Riley Walz, a twenty-two-year-old artist and programmer in San Francisco, came across the videos earlier this year thanks to a blog post written by the engineer Ben Wallace, and he got hooked on watching them. “I was thinking maybe one in ten would be interesting, but all of them are,” Walz told me recently. In our current era of branded YouTube channels and professionalized TikTok personas, the amateurish, incidental quality of the videos seemed poetic. They weren’t there to pander to followers or to court virality; they were private notes left over from a less public-facing time. “They feel like memories,” Walz said. In November, as a kind of online found-video installation, he decided to create a Web site devoted to collecting the videos. Titled “IMG_0001,” it is formatted to look like a television screen, with an image of a remote that you click to turn the footage on. A box beneath the screen allows you to click forward to see the next clip. In the past month, more than six hundred thousand visitors have played more than six million videos.
A project that taps into nostalgia for the early Internet might seem surprising coming from a figure who squarely belongs to Gen Z. But Walz told me that growing up, in upstate New York, he “wasn’t one of those kids that would just watch TikTok all day or whatever.” Instead, he had a digital native’s version of an entrepreneurial streak.

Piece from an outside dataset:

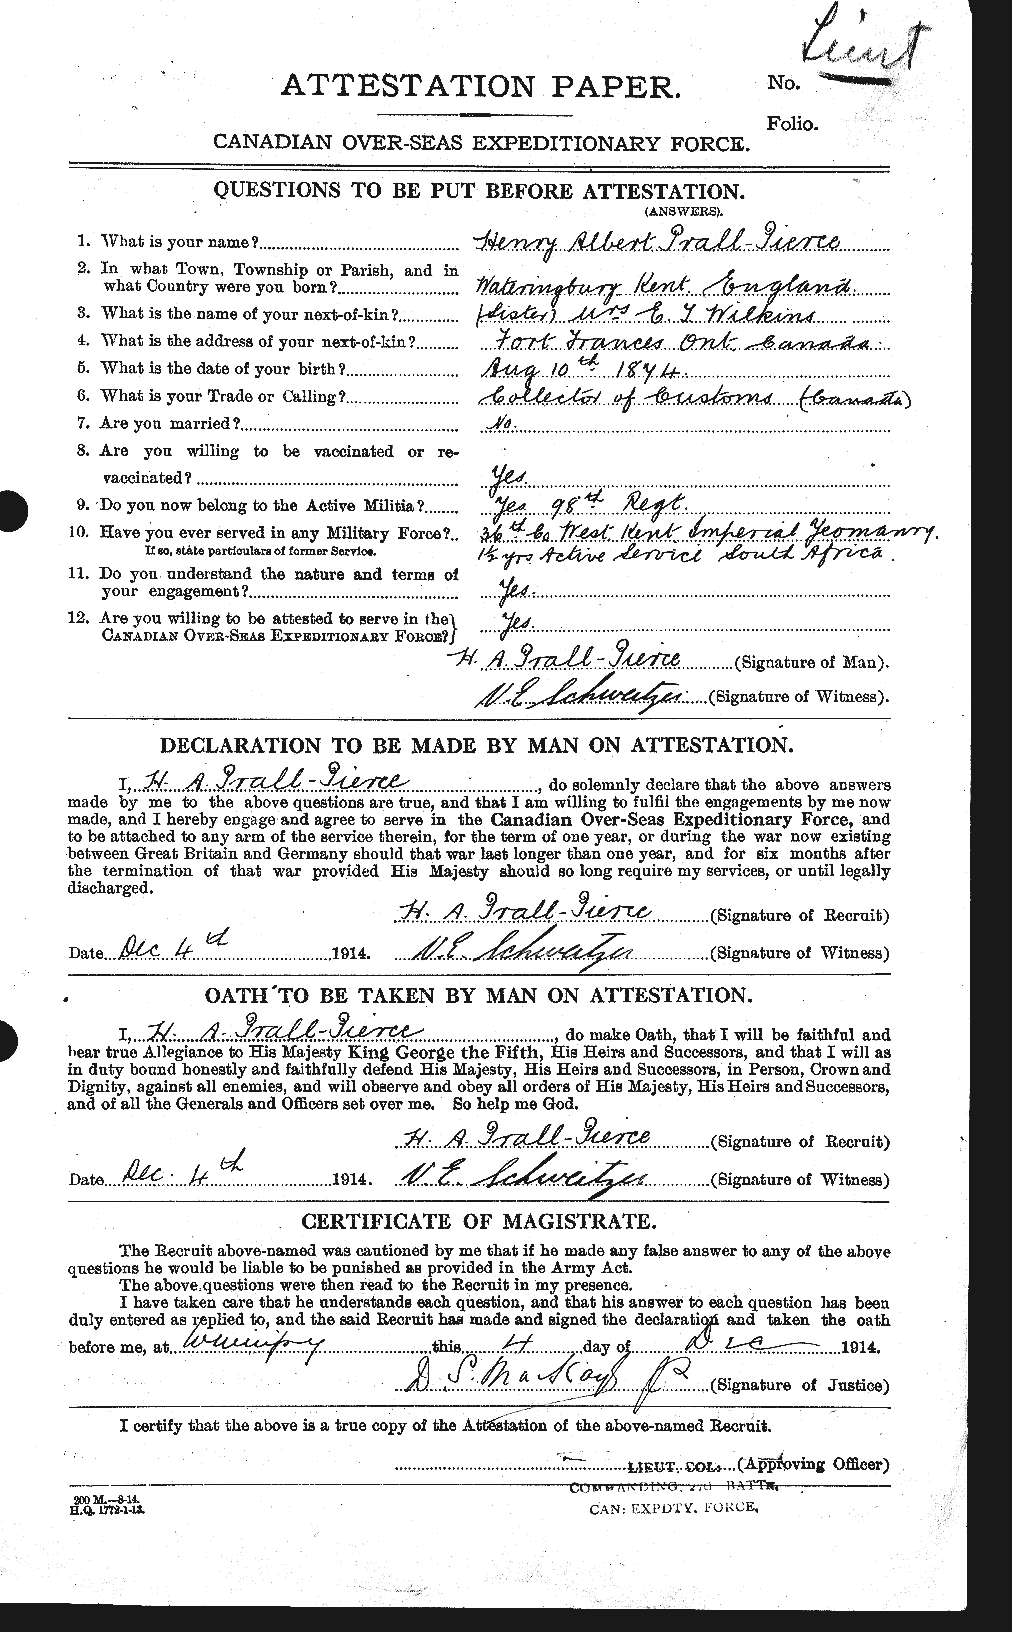 Dossiers du Personnel de la Première Guerre mondiale - CEC 586569a

At the age of twelve, he began selling his services as a voice-over actor through the gig marketplace Fiverr, and fulfilled more than five hundred orders in the course of several years. He then used his earnings to lend money through the Borrow subreddit, a forum for informal peer-to-peer loans, and profited from the interest. His parents were “slightly concerned” but sanctioned his activities in the name of self-directed education. During high school, Walz hung out on Twitter and connected with a community of programmers, sometimes calling themselves makers or solopreneurs, who together hack bespoke Web sites that provide a particular service for fun or for profit. He was on the cross-country team, and to stave off boredom during training runs he coded a site, called Routeshuffle, that used an open-source mapping tool to generate random jogging routes. It was his first hit—to this day, around a hundred people pay for subscriptions to the widget—and the first in a series of impish digital projects (he considers the word art “too pretentious”). In 2020, he created a Twitter account for a fake Republican congressional candidate named Andrew Walz and—with the help of an A.I.-generated portrait, a fake Web site, and a fake listing on the candidate directory Ballotpedia—managed to get the account verified with a blue check.

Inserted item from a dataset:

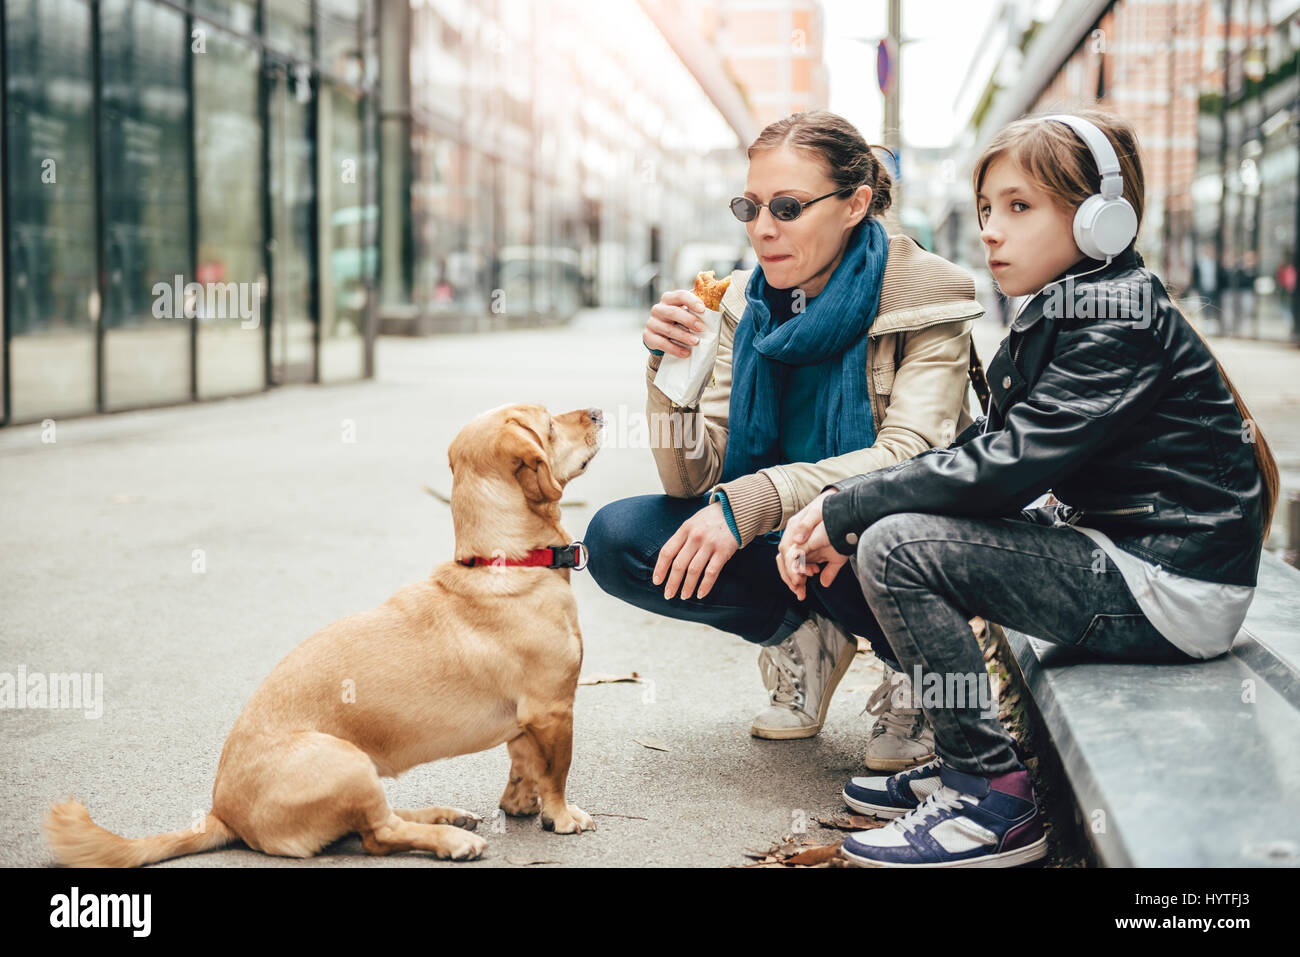 Mutter Sandwich zu essen und Blick auf einen Hund während Tochter anhören von Musik auf der Straße Stockfoto

Walz may have the soul of a hacker, rather than an artist, but his work exists in a lineage of prankster art that used the Internet both as a medium and as a venue. Beginning in 2010, the German artist Aram Bartholl created a series of “Dead Drops,” USB sticks implanted in city walls from which a curious visitor could download files. In 2016, an art collective known as MSCHF began creating provocative spectacles that spread online, including an interactive robot dog mounted with a paintball gun, and enormous red boots, seemingly modelled after the cartoon Astro Boy, which were sold as luxury fashion. Walz even interned for MSCHF in New York, after planting a newspaper box containing his resume in front of their office—with the proper city permission, which, he said, was surprisingly simple to obtain.
Walz’s work relies on manipulating online databases, but, like the work of MSCHF, his most clever projects bleed into the real world. In 2023, while attending the business program at Baruch College, Walz and his roommates, who liked to cook, had a running joke that their hacker-house apartment was a steak house. One day, a friend listed the address as such on Google Maps and, over time, others added fake glowing reviews. Then they turned the joke into a one-night pop-up steak restaurant, complete with a legitimate temporary alcohol permit, and hosted diners who may not have realized they were getting dinner cooked by a crew of young amateurs. The Times knowingly covered the prank, under the headline “New York’s Hottest Steakhouse Was a Fake.” Earlier this year, after taking a leave from college to work on an artificial-intelligence startup with friends, Walz installed an Android phone on a pole in San Francisco’s Mission neighborhood, where it can take in the sounds of passing pedestrians and cars. The phone runs Shazam continuously, attempting to identify any songs that are detectable, and uploads the noisy clips to a Web site. Walz named it “Bop Spotter,” after ShotSpotter, the urban microphones that are (fitfully) used to monitor gunshots. “This is culture surveillance,” he wrote on the Web page.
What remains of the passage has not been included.